Looking at the assembly code in the trigram, the reason for the crash is that theAvalonia
frameworkRequestCompositionBatchCommitAsync
return null lead to, that is, rax = 0, this Avalonia is not that cross-platform WPF, a little interesting, the next to the source code to confirm what variables.
From the code logic _nextCommit is a class variable rather than a method local variable, and in the case of high concurrency if any other method will be_nextCommit=null
If this is the case, I searched in the class to verify the idea, and there is really a method that sets null, as shown in the screenshot below:
It's basically clear that this is a bug in Avalonia.

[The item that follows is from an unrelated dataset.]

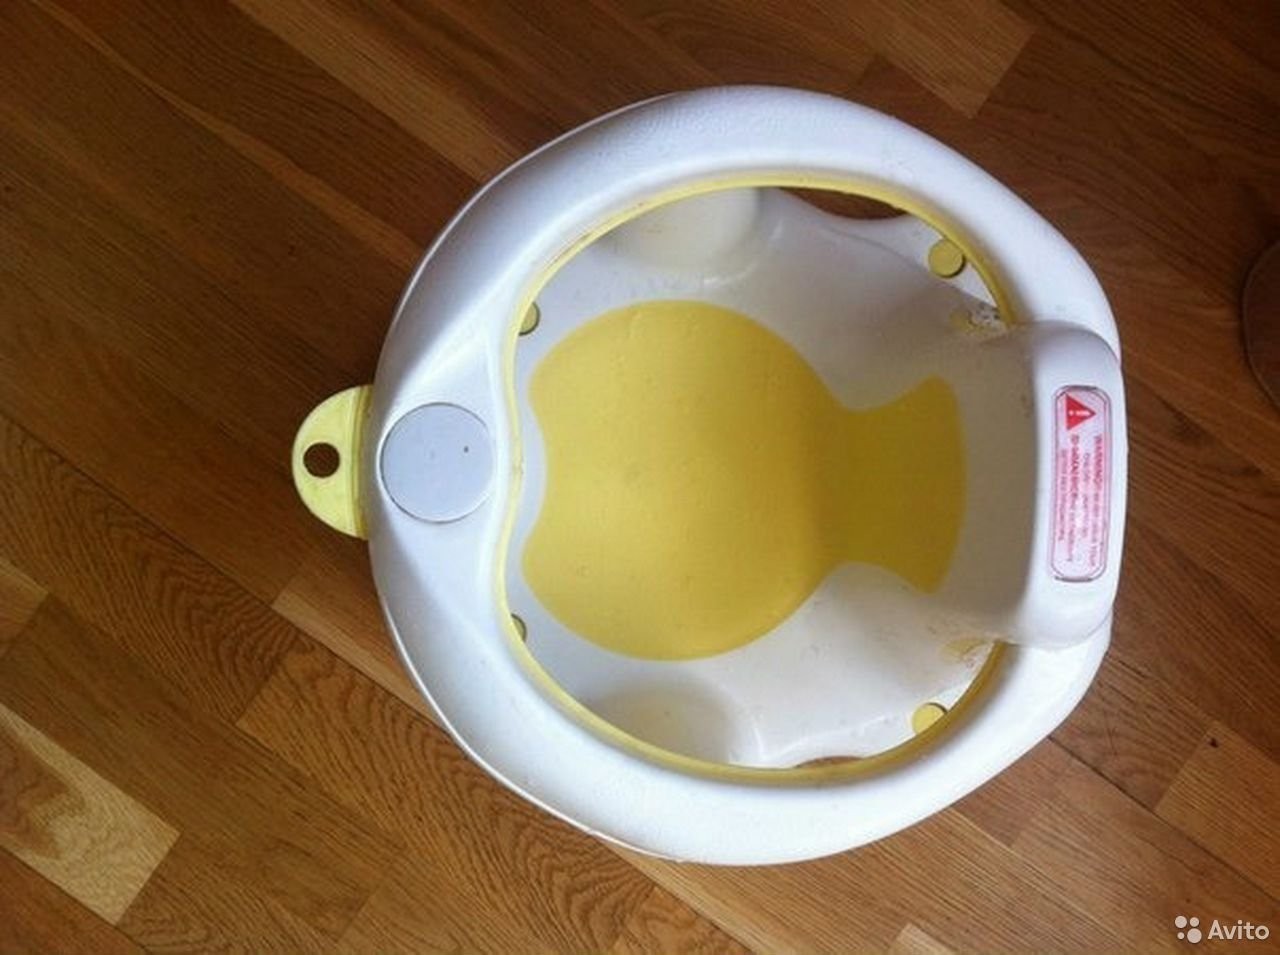 Стул детский для купания малыша babyton б/у белый желтый пластик на присосках товары для детей малыш в городе Москва, фото 2, телефон продавца: +7 (905) 721-56-56

Finally, we look at the version of Avalonia, which we find to be very recent, and the output is as follows:
0:000> lmvm Avalonia_Base
...
Timestamp: A0BE2821 (This is a reproducible build file hash, not a timestamp)
CheckSum: 001CDA05
ImageSize: 001D4000
File version: 11.1.0.0
Product version: 11.1.0.0
File flags: 0 (Mask 3F)
File OS: 4 Unknown Win32
File type: 2.0 Dll
File date: 00000000.00000000
Translations: 0000.04b0
Information from resource tables:
CompanyName: Avalonia Team
ProductName: Avalonia
InternalName:
OriginalFilename:
ProductVersion: 11.1.0+2a8ea17985fd739234fa0d93c3437948535d35c4
FileVersion: 11.1.0.0
FileDescription:
LegalCopyright: Copyright 2013-2024 © The AvaloniaUI Project
4. How can this be resolved?
Knowing that this is a bug in Avalonia, and that Avalonia is a very new version, the way to upgrade is blocked, so I can only submit an issue to the official:/AvaloniaUI/Avalonia Come and fix it.
III: Summary
I dug up some new stuff in this production accident, and I'm a bit curious to know if Avalonia is now being used as a replacement for WPF in the industrial control industry. But at this stage the stability is not comparable to WPF, look forward to a more robust version in the future.